One of the tasks that I needed to do was calculate a maximum value, in each row of the dataset, from multiple monetary values in 5 different fields. The first thing I noticed was that the regular max() function in R doesn’t quite like it when you try to calculate a maximum from a series of NA values (it returned an inf value for some reason…). So, I decided to create a “safe” max function:


safe.max = function(invector) {
na.pct = sum(is.na(invector))/length(invector)
if (na.pct == 1) {
return(NA) }
else {
return(max(invector,na.rm=TRUE))
}
}

view raw

safe.max.r

hosted with ❤ by GitHub

Finding that it was working, I then constructed a simple for loop to iterate through my ~395,000 rows. As you could imagine, this was taking forever! After much looking around, I realized that the best solution was actually a base function, apply()!!

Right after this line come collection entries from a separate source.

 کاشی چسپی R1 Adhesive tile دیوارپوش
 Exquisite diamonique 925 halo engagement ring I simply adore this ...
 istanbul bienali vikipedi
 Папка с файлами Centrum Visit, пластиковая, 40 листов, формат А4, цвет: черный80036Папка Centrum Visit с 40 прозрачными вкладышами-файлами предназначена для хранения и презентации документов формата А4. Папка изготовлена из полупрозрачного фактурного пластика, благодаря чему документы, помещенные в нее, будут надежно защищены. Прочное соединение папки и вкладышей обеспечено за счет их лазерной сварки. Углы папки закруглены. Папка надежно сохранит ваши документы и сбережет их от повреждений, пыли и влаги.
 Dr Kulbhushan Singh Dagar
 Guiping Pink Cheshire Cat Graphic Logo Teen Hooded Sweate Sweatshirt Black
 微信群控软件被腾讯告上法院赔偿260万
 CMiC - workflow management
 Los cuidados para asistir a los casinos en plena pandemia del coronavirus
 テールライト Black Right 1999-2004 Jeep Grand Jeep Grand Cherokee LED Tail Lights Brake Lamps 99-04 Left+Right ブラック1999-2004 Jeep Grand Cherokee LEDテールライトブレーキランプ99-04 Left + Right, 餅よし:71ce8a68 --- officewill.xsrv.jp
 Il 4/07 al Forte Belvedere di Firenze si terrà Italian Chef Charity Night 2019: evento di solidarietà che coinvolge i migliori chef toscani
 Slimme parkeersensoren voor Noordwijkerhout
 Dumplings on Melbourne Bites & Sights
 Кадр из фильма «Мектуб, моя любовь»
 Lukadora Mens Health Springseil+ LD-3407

I constructed my “max” variable with one simple line of code: big.dataset$max_money = apply(as.matrix(big.dataset[,214:218]), 1, function (x) safe.max(x))

Compared to the for loop, which was taking forever, this method was a breeze! It took less than a minute to get through the whole data set. Moral of the story? When you’re dealing with lots of data, code as efficiently as possible!

Projects in RStudio

Now that I have one enormous project on the go and one smaller one, I find it’s helping me considerably to have each project stored in separate RStudio projects.  So, each project has its own scripting that I’ve been working on, its own extra variables or data frames that I’ve had to construct for them, and doesn’t take up more of my RAM than need be.  I like the way that RStudio helps to keep me organized!